BEST USE: Anything 3D… as long as you’re willing to put in some time to learn it. It ended up being perfect for planning our doorway because I have the most flexibility to render the room AND I can trust the precision of the measurements. Now if only it didn’t take me so long to make changes…

So that’s how Sue John sees it. I haven’t spent more than a few hours with each program, so my comments aren’t based on weeks of research or anything. If you guys have had your own similar (or different!) experiences with these three tools (or others that I haven’t heard of yet) I’d love to hear your thoughts – and tips if you’ve got any.

Psst- We announced this week’s giveaway winner. Click here to see if it’s you.


  1. says

    A glee reference! I got it! I never usually get these things, so apologies for being so over-excited.

    Now. If only I could start to get references to things other than TV shows aimed at teenagers. I’m off to the library…

  2. says

    We just started our kitchen remodel and are going with okra cabinets. I loved their kitchen design program, it was probably the reason I felt confident enough not to hire any design help. I tried to work with sketch up but got frustrated.

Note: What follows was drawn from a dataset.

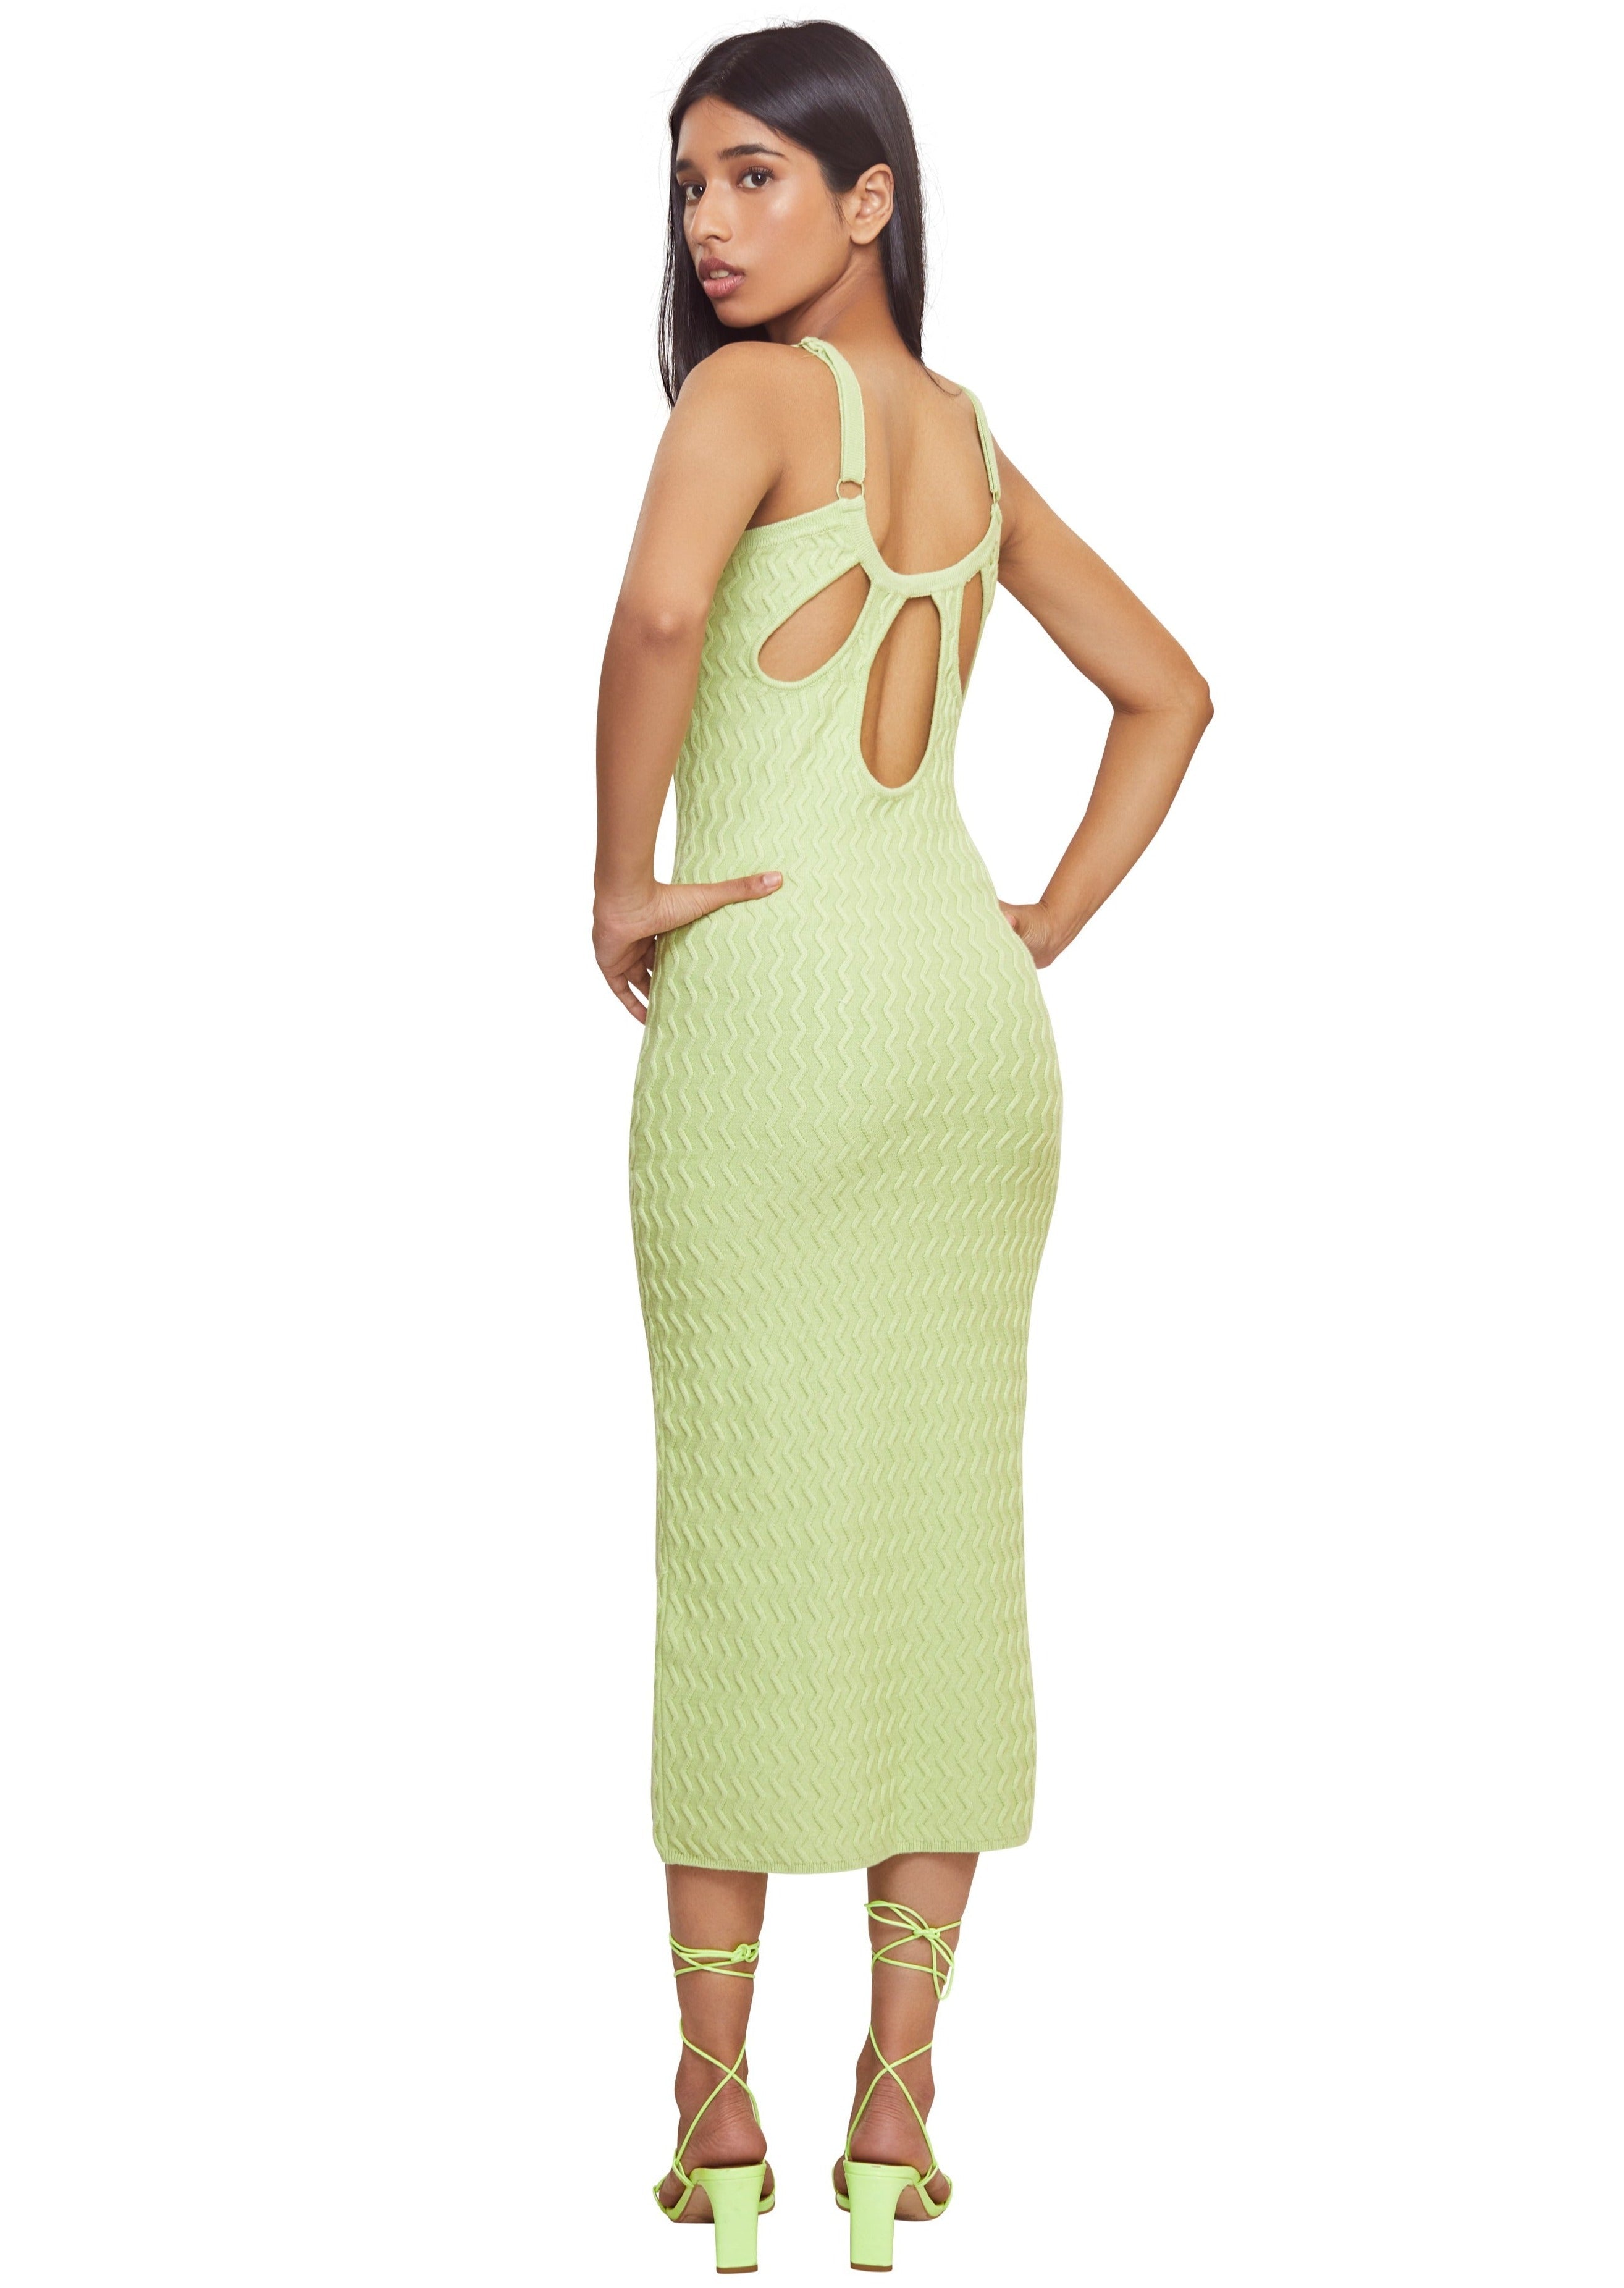 Mint classic hofs knitted slip dress shape w/ wavy rib from the brand House Of Sunny

I still want to learn it sometime though

  3. Brettany says

    I definitely second the grouping suggestion – it’s much easier to move things around that way. You can also group like objects (like walls, for example) and turn those off if you need a little more “elbow room” in your 3d model. I used sketchup in architecture school and in a professional office so it’s a great tool – and get’s easier as you go.

  4. says

    SketchUp is very popular with architectural firms, partly because you can export it directly into a real CAD program. It’s quicker than CAD for basic sketches, though. You can also get plugins that allow you to create super realistic ray-traced renderings. There is definitely a lot for you to learn. For example, you can add any surface pattern you want. It is probably easier for people in the architecture industry to learn because it has some common features with CAD program interfaces. One thing that will help you with placing furniture, etc. is creating “groups” and “objects”. You will find that the furniture you download is easier to reposition because it has been created in this way and SketchUp identifies it as a single item.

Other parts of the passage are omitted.